In the previous post on ICMP, Ping, and Traceroute I discussed a method of detecting hosts on a network when the firewall may be set to block ICMP Echo Requests. The solution to this was to use ARP, even if a host firewall is set to block all IP based traffic, ARP is a layer 2 protocol that isn’t affected. In short, we send out ARP requests, and either listen for the return replies, or check the ARP cache. This isn’t a new concept, there are many other tools such as ARPPing, but I haven’t seen a native PowerShell solution.

In addition to finding hosts with strict firewall rules, we should also gain performance improvements as we’re discarding the whole ICMP Echo business - we don’t need to wait for hosts to respond to pings.

As often happens with tech, the journey is as interesting as the end result as that’s where you learn, and this was definitely a great learning experience.
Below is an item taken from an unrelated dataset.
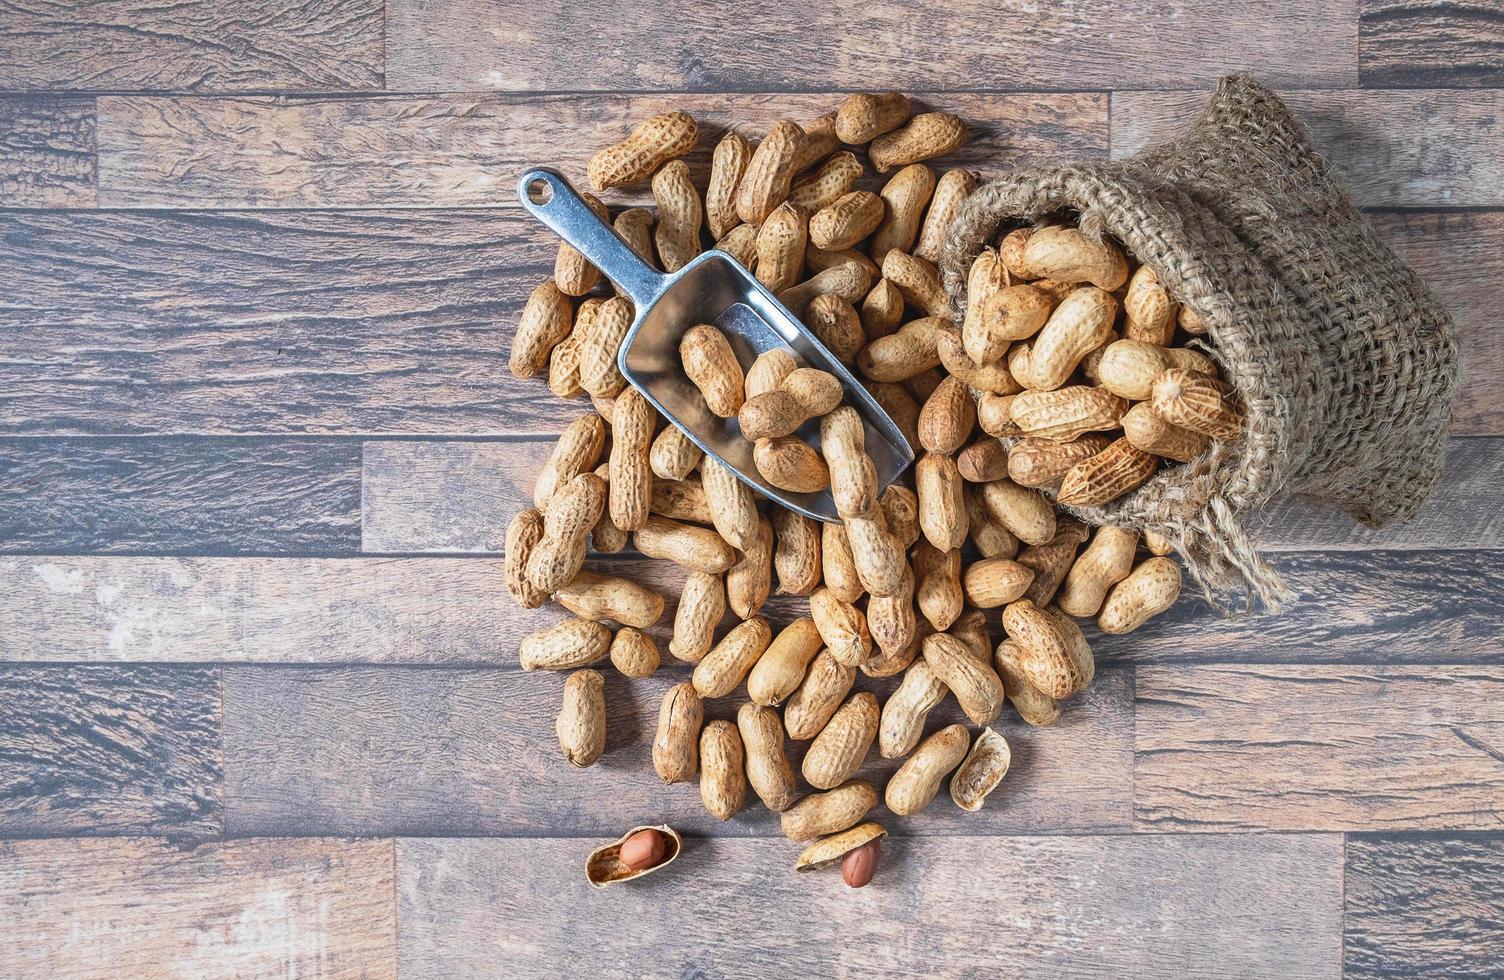 Peanuts in sackcloth photo

We’ll start of with the final script as that’s no doubt what most are interested in, and then I’ll dive a bit into why it’s written the way it is for those interested.

Layer 2 Host Detection With PowerShell

Here is the function, please note that it is also on GitHub, and on the PowerShell Gallery repository. Those versions are likely to be updated as required - the code below is the first iteration and is only used to illustrate the concept.

function Find-LANHosts {
    [Cmdletbinding()]

    Param (
        [Parameter(Mandatory, Position=1)]
        [string[]]$IP,

        [Parameter(Mandatory=$false, Position=2)]
        [ValidateRange(0,15000)]
        [int]$DelayMS = 2,
        
        [ValidateScript({
            $IsAdmin = New-Object Security.Principal.WindowsPrincipal([Security.Principal.WindowsIdentity]::GetCurrent())
            if ($IsAdmin.IsInRole([Security.Principal.WindowsBuiltInRole]::Administrator)) {
                $True
            } 
            else {
                Throw "Must be running an elevated prompt to use ClearARPCache"
            }
        })]
        [switch]$ClearARPCache
    )

    $ASCIIEncoding = New-Object System.Text.ASCIIEncoding
    $Bytes = $ASCIIEncoding.GetBytes("a")
    $UDP = New-Object System.Net.Sockets.Udpclient

    if ($ClearARPCache) {
        arp -d
    }

    $Timer = [System.Diagnostics.Stopwatch]::StartNew()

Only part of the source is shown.